Based on this I assume that the engine is identifying words, not characters, and subsequently attempts to split each identified word into separate characters. It looks like Tesseract does not check if a calculated character bbox is overlapping with other bboxes, but perhaps it should (or at least have an option to)?
Same here:
Mac OS + tesseract 5.0.0-alpha-773-gd33ed
Debian + tesseract 4.0.0
Debian + tesseract 5.0.0-alpha
# .box
H 0 0 162 162 0 # larger without reason
A 171 6 294 171 0 # y2 is bottom of image
R 302 12 407 160 0 # OK
P 403 9 480 160 0 # OK
O 482 12 572 156 0 # OK
C 581 12 677 148 0 # shifted to top; y1 should be 22, y2 158; takes y1 from O and adds the height?
R 698 0 798 171 0 # crazy
A 691 9 909 151 0 # x1 is smaller x1 of R, and the left edge of R
T 885 15 1034 160 0 # ~OK
E 1046 12 1154 159 0 # OK
S 1168 12 1270 157 0 # OK
The image annotated with bounding boxes (red) and baseline (green):
Smells like an error by one, as it takes values from the previous character: H stars with 0,0; A takes x1, y1 from the previous R etc.
@zdenop Thx for the tip. I only played with --psm
(page segmentation mode).
I wouldn't expect another result as A and T overlap (negativ "kerning").
@zdenop Your --oem
tip works great for highlighting the bounding boxes e.g. using openCV. There, the bounding boxes are very exact. Unfortunately, I note huge differences between this box output and the actual processed searchable PDF of tesseract. The searchable PDF contains too small character bounding boxes, regardless of --oem
. In contrast, the whitespace is very large since the beginning of the words are always valid.
I am wondering about the differences in the .box file and the pdf. Is there anything I was missing or is this a bug?

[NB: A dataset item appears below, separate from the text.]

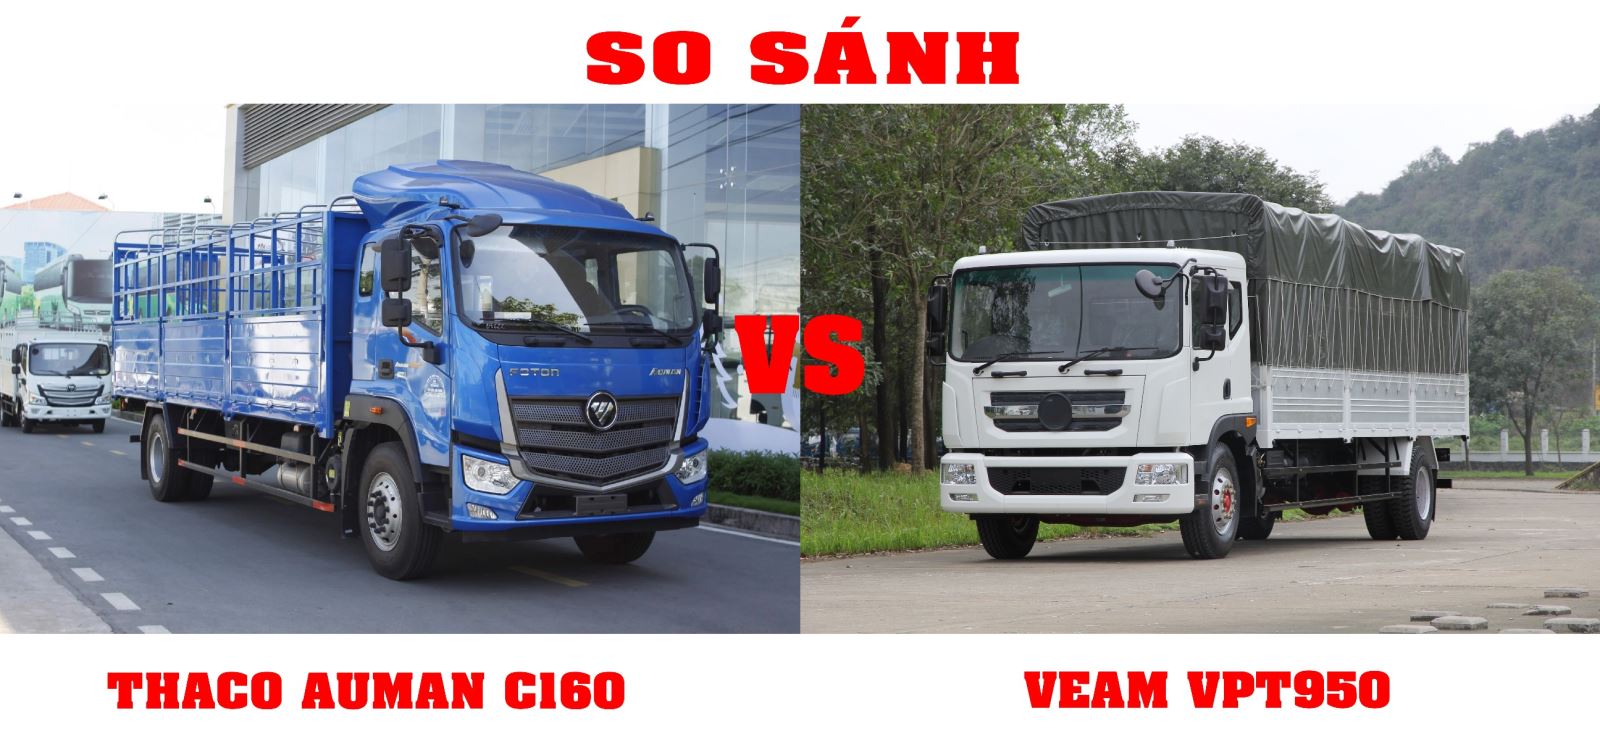 So sánh Veam VPT950 và Thaco Auman C160

tesseract tesseract_example.jpg OUTPUT -l deu --oem 0 pdf
Tesseract Open Source OCR Engine v5.0.0-alpha.20201127 with Leptonica
Warning: Invalid resolution 0 dpi. Using 70 instead.
Estimating resolution as 364
tesseract tesseract_example.jpg OUTPUT -l deu --oem 0 makebox
Tesseract Open Source OCR Engine v5.0.0-alpha.20201127 with Leptonica
Warning: Invalid resolution 0 dpi. Using 70 instead.
Estimating resolution as 364
files:
example input jpg
output pdf
previews:
Bounding boxes from tesseract, added using openCV
Wrong character bounding boxes in tesseract pdf output. Highlighted word: eine
I am afraid you are expecting something from tesseract that was never promised/expected. PDF viewer is selecting text and not its bounding box.
Tesseract creates „text layer“ with glyphless font – this will never fit to image background exactly: width of “eine” is different when different font is used (Helvetica/Times/Garamond…). Simply: tesseract cannot use the same font as font used on image.
That's why each character has the same size in the pdf (the selection box of 'n' is the same as of 'i'). Thank you very much for your clarification.
I have done the same with some other example, and measured the issues.
I used
pdftohtml -c -hidden -xml outputbaserobert.pdf output.xml
to export the bounding boxes of the PDF-textlayer to compare them to the visual issues.
When I calculate the width of the bounding boxes they rather match the bounding boxes in a DjVu from gscan2pdf that does show the selection boxes right in WinDjView.
However there still is a significant visual difference when watching the text-selection in the PDF. I'm afraid the issue is just as clarified above, and the only way to get it matching would be uploading some reconstructed font into the PDF as Acrobat Pro does.